* _Your goal_:
Everything in the listing below should be written out again exactly, except the pictures.

* _Supplied data_:
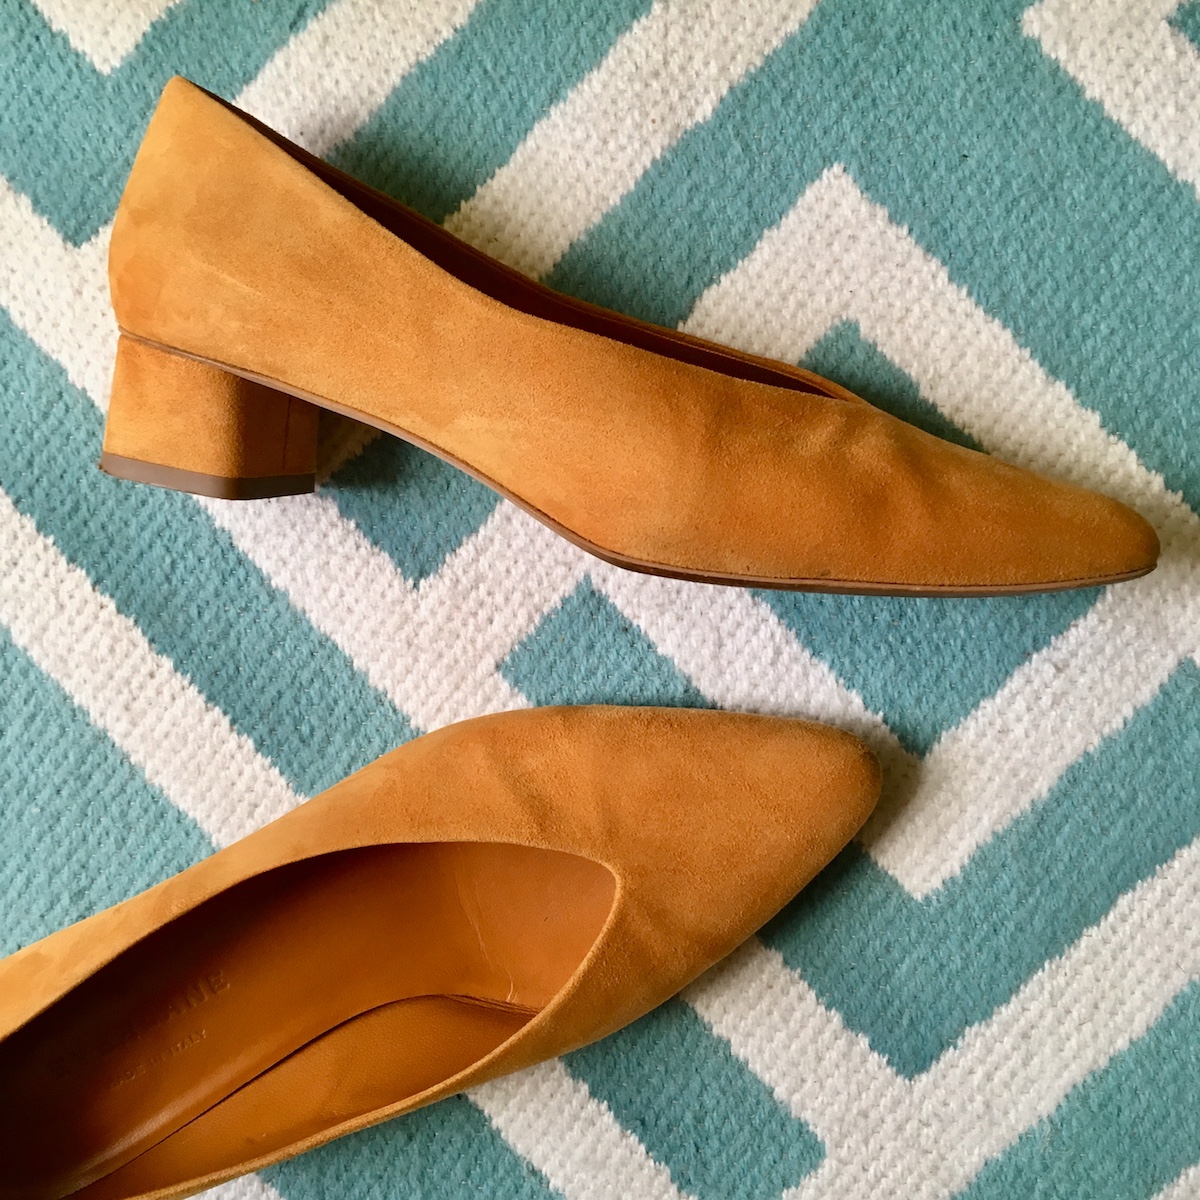 A pair of mustard colored suede Everlane V heels lay on a blue and white rug.
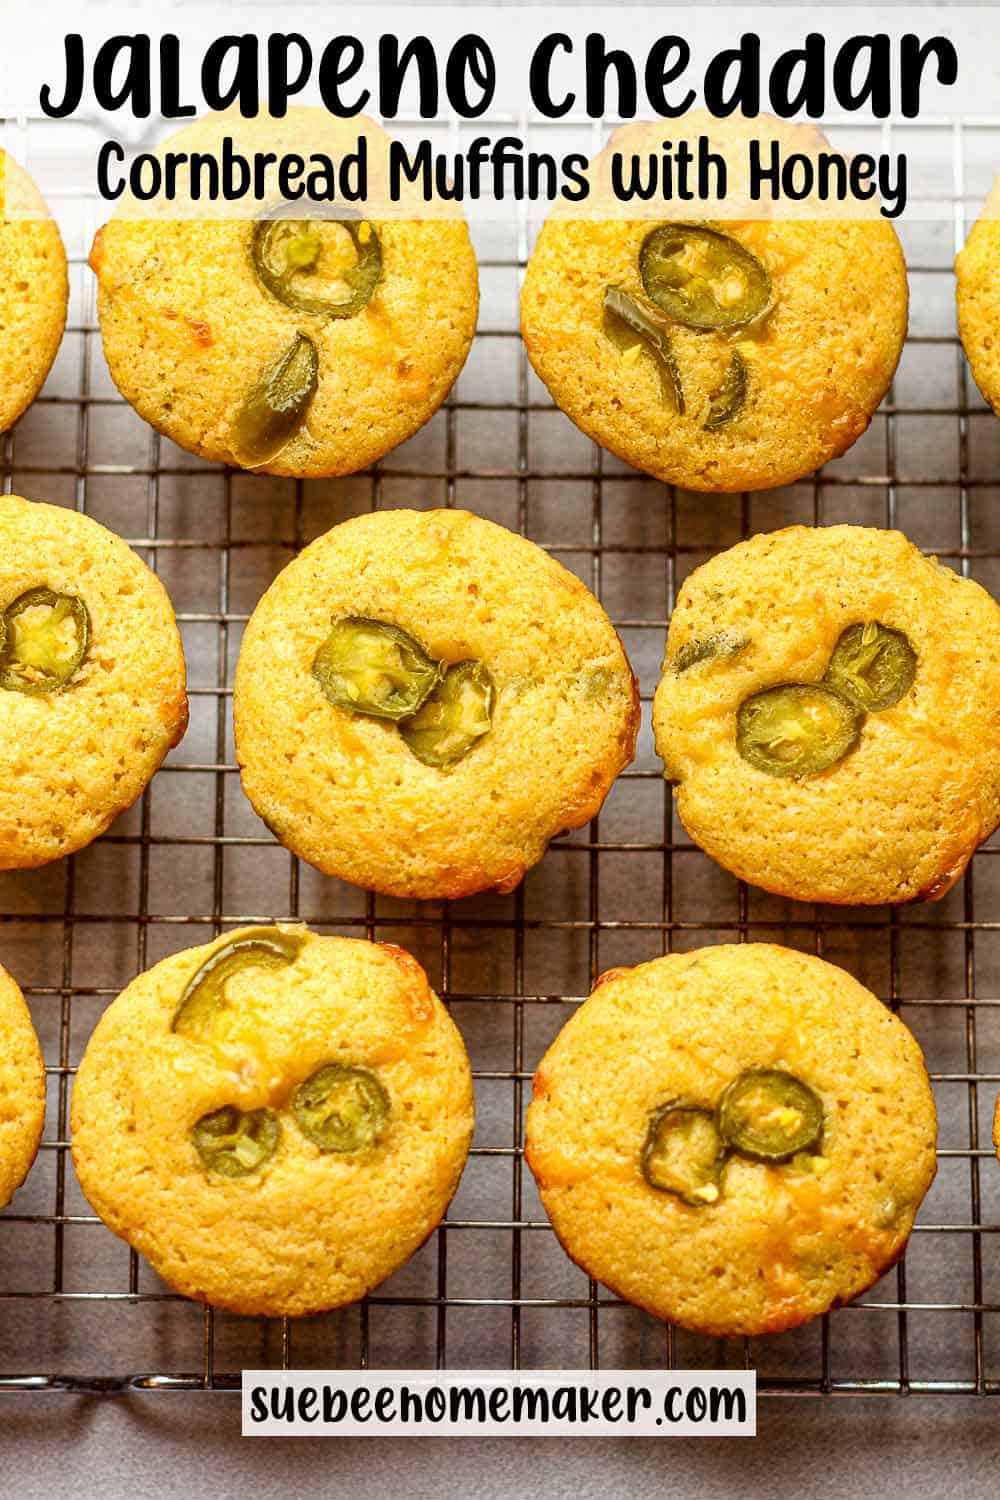 A wire rack of jalapeno cheddar cornbread muffins with honey.
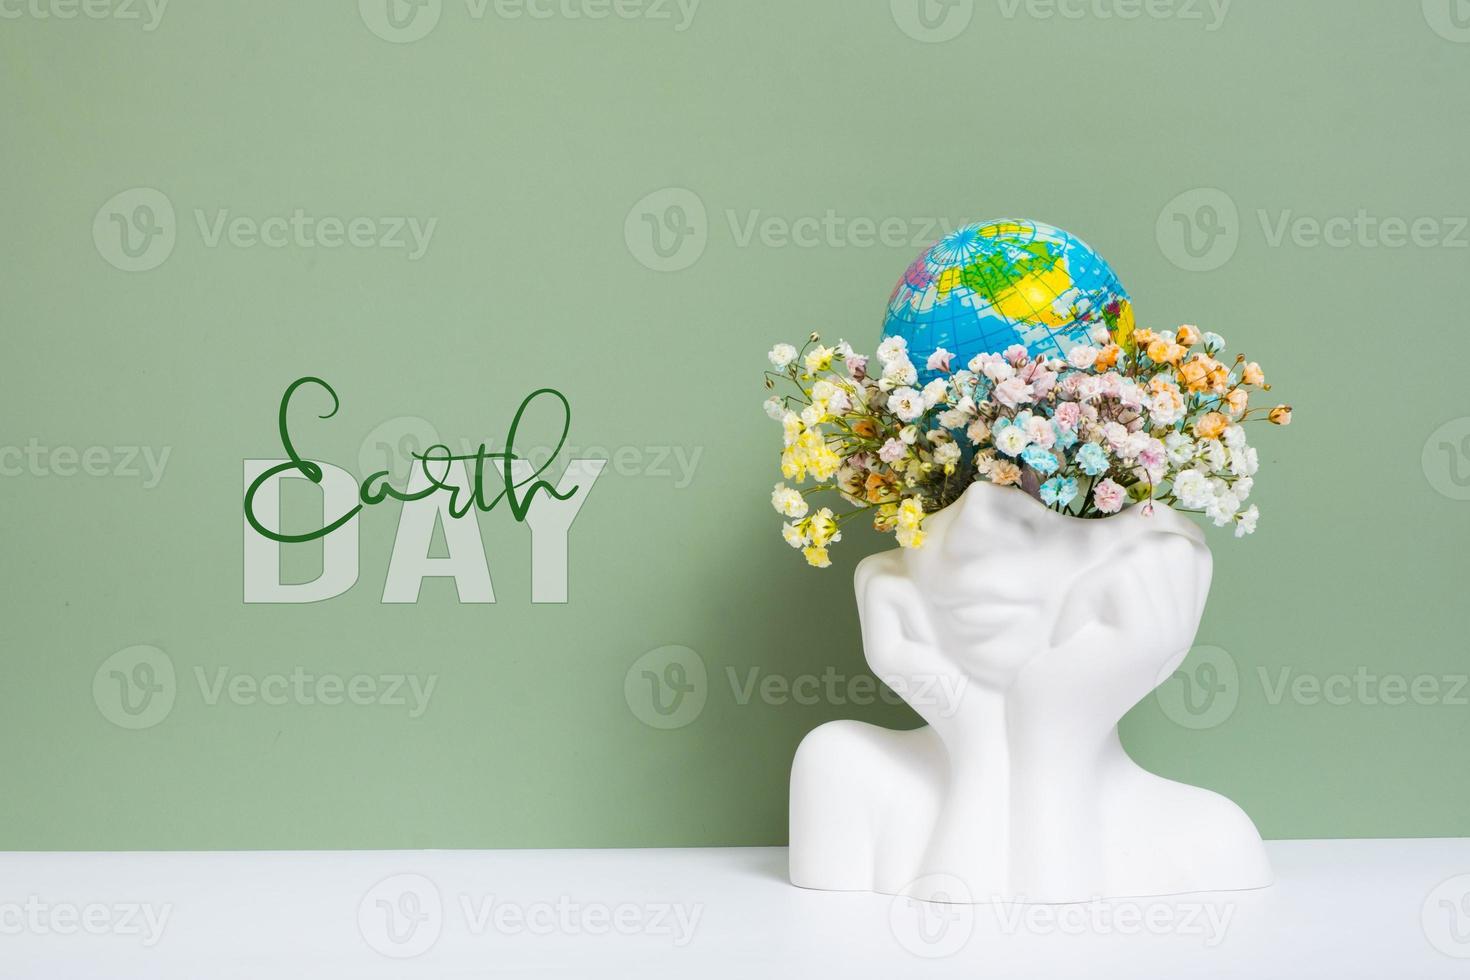 Creative plaster vase head-shape with flowers and world globe. Save the planet, Earth day concept photo
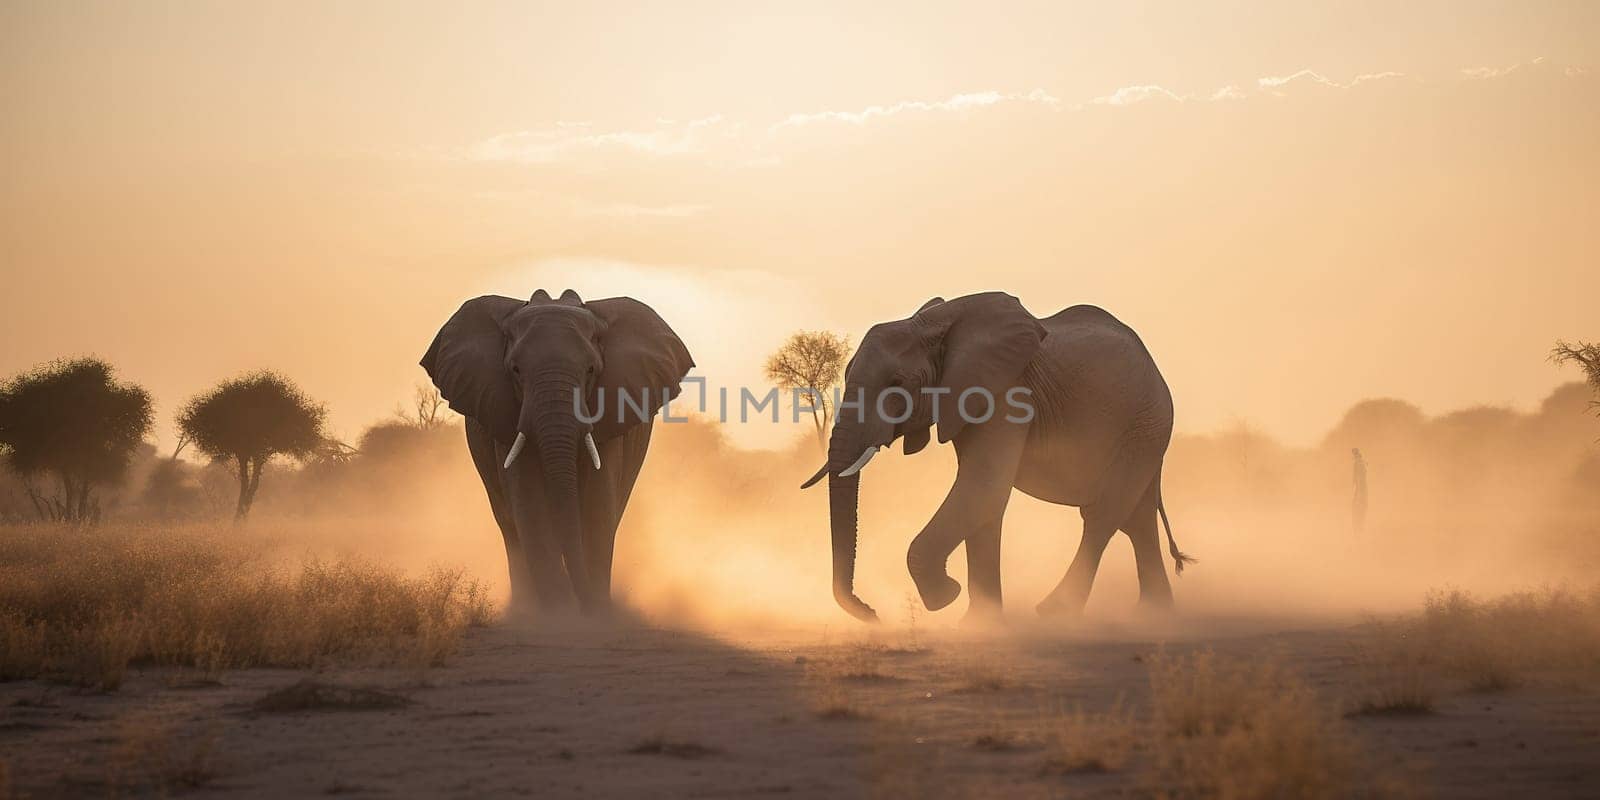 Pair of elephants wandering through the steppe by tan4ikk1

* _Task response_:
 A pair of mustard colored suede Everlane V heels lay on a blue and white rug.
 A wire rack of jalapeno cheddar cornbread muffins with honey.
 Creative plaster vase head-shape with flowers and world globe. Save the planet, Earth day concept photo
 Pair of elephants wandering through the steppe by tan4ikk1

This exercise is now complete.